Answer 5 · 2022-04-01T03:55:18.000Z

@AlanSwift came across this discussion at DGL: Memory consumption of the GGNN module

Answer 6 · 2022-04-02T05:53:54.000Z

It seems the dgl sacrifices memory efficiency for time efficiency. We will pay attention to this problem. Thank you for letting us know it!

Answer 7 · 2022-04-06T06:37:57.000Z

@AlanSwift can you please provide me with a fix/suggestion 🙏

Answer 8 · 2022-04-19T15:15:05.000Z

@AlanSwift, this is interesting.
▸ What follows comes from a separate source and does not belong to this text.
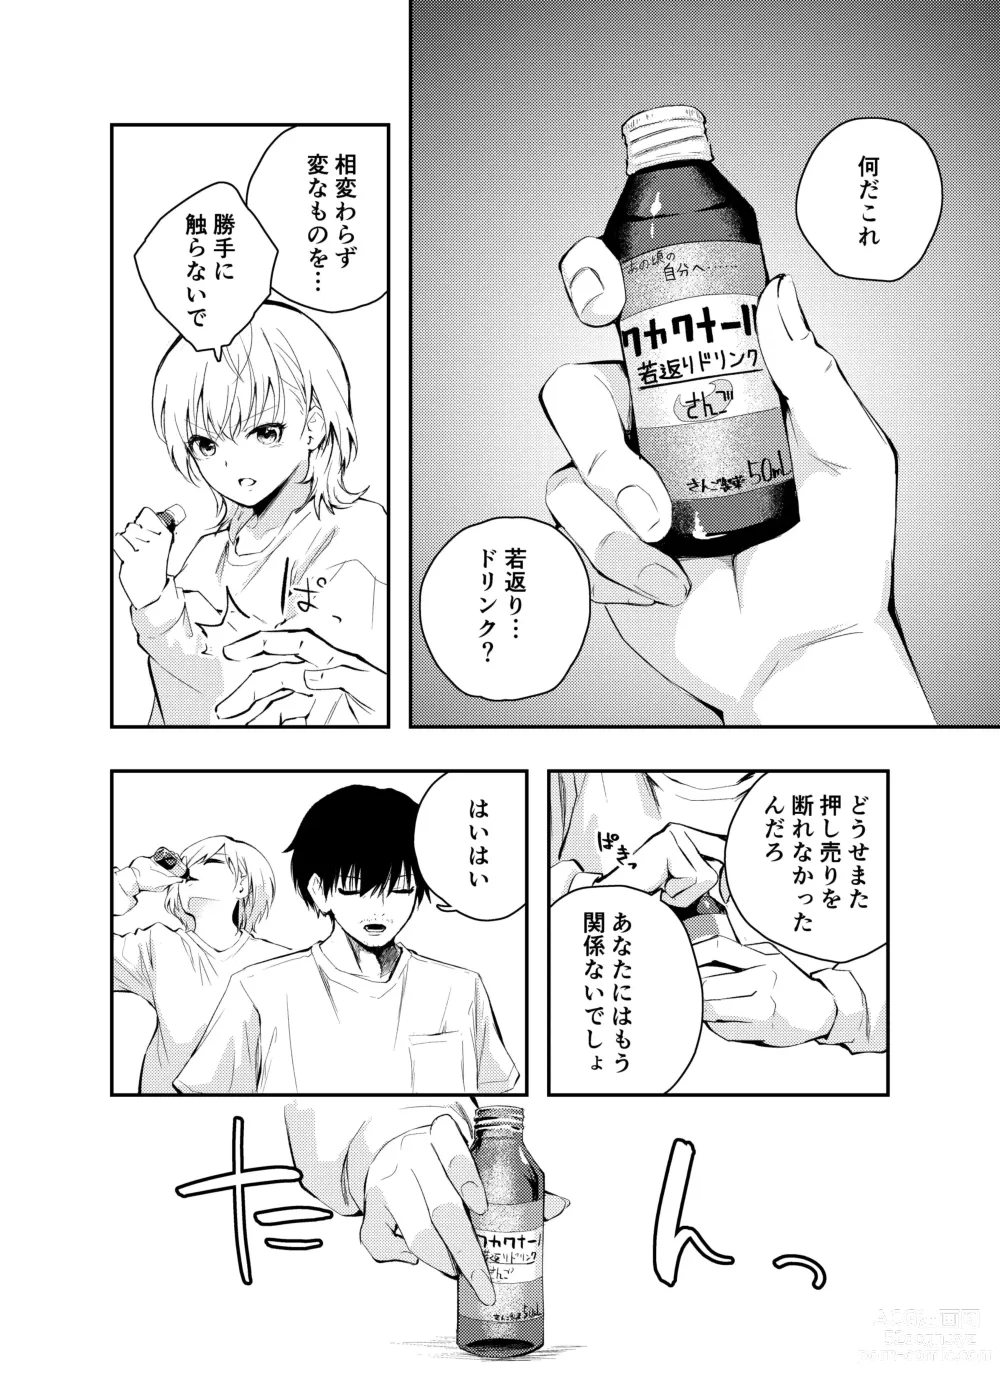 Page 4 of doujinshi Mukashi no Sugata ni Modotta Tsuma to no Sex wa Uwaki desu ka?

I also faced the same problem. Wondering do you have any solution to this?

Answer 9 · 2022-05-12T17:18:50.000Z

@AlanSwift do you have a plan to address the GGNN implementation limitation?

Answer 10 · 2022-05-12T17:23:31.000Z

Currently, this is not on my plan since it is related to the DGL.